February 1981: David Byrne and Brian Eno Team Up on 'My Life in the Bush of Ghosts'

'My Life in the Bush of Ghosts'
Photo Credit
Nonesuch Records

Hey, kids! Remember that musician who guest-starred in the Netflix special John Mulaney and the Sack Lunch Bunch? Well, his name is David Byrne, and you may shocked and stunned to learn that he’s done more in his career than just that one special.

Yes, it’s true: he was formerly the lead singer of the band Talking Heads, and beyond that he’s also had a fine, upstanding career as a solo artist. Even beyond that, though, Byrne has had a number of collaborations with a fellow by the name of Brian Eno, who you obviously know best from his 2011 appearance on The Colbert Report, but here’s a fun fact: he was also a member of the seminal ‘70s band Roxy Music and - true story - he’s also known as a producer as well as one of the key figures in the ambient music movement!

Okay, we’ve worn this joke into the ground (and then some), so let’s get to talking about the topic at hand, which is arguably the most famous musical collaboration between Byrne and Eno: 1981's My Life in the Bush of Ghosts.
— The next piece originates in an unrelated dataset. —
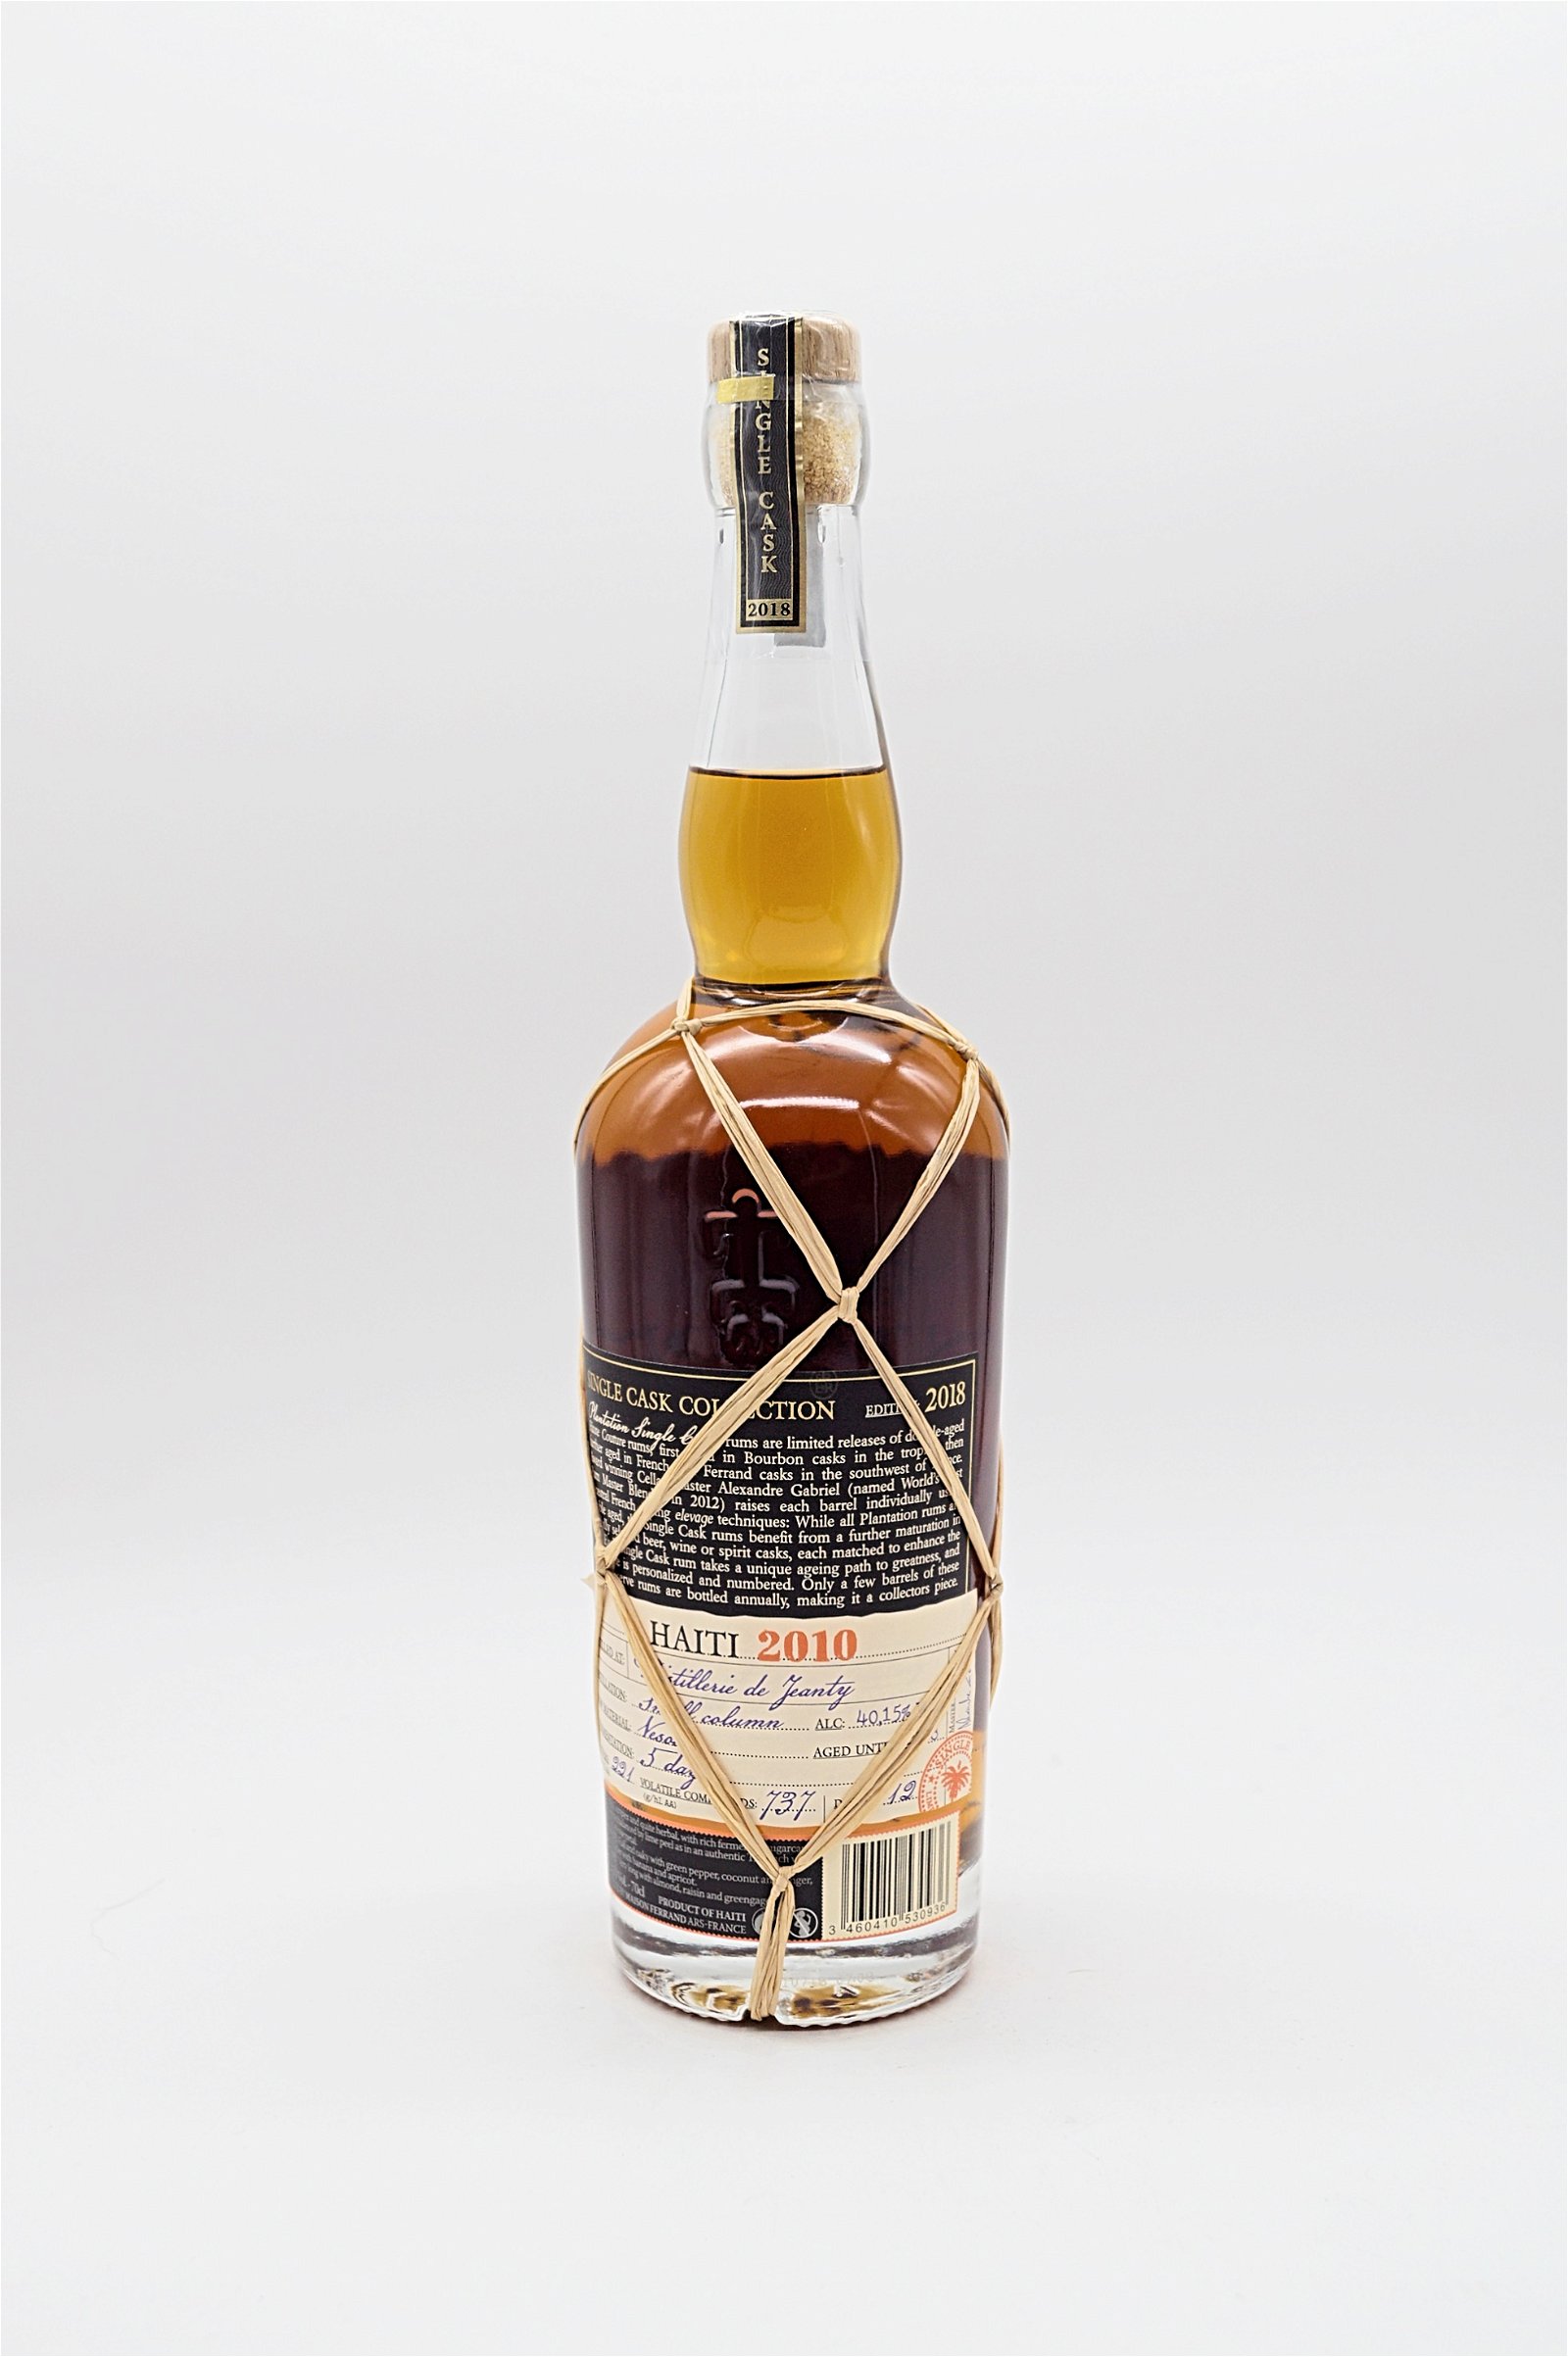 Plantation Rum Haiti 2010 Single Cask Collection Ferrand Cognac 10 Générations Finish

By ’81, Eno had already produced two albums for Talking Heads - More Songs About Buildings and Food and Fear of Music – while in turn forging a solid working relationship with the members of the band. He and Byrne, however, were particularly copacetic together, and between the latter of those two Talking Heads production gigs and his third LP for the band (that would be Remain in Light), the twosome entered the studio and collaborated on a musical endeavor which Eno once described in a Sounds interview as a “vision of a psychedelic Africa.”
It’s definitely a unique LP, one which utilized sampling long before most other recording artists had embraced it as a concept by taking recordings from other sources and utilizing them as vocals on the music that Eno and Byrne had created. Given that it was such uncharted territory, there was a delay in the album’s release while every possible effort was made to secure the rights to utilize those other vocal tracks. It took a bit of doing, since you’re talking about nailing down usage of voices from radio call-in shows, but they pulled it off, and the results were remarkable.

Granted, My Life in the Bush of Ghosts might best be described as an acquired taste, one which critics generally tend to love more than typical music fan, but when Rolling Stone described the LP as “an undeniably awesome feat of tape editing and rhythmic ingenuity,” they were not wrong. Whether you walk away loving it or not, it’s definitely an album that you should hear.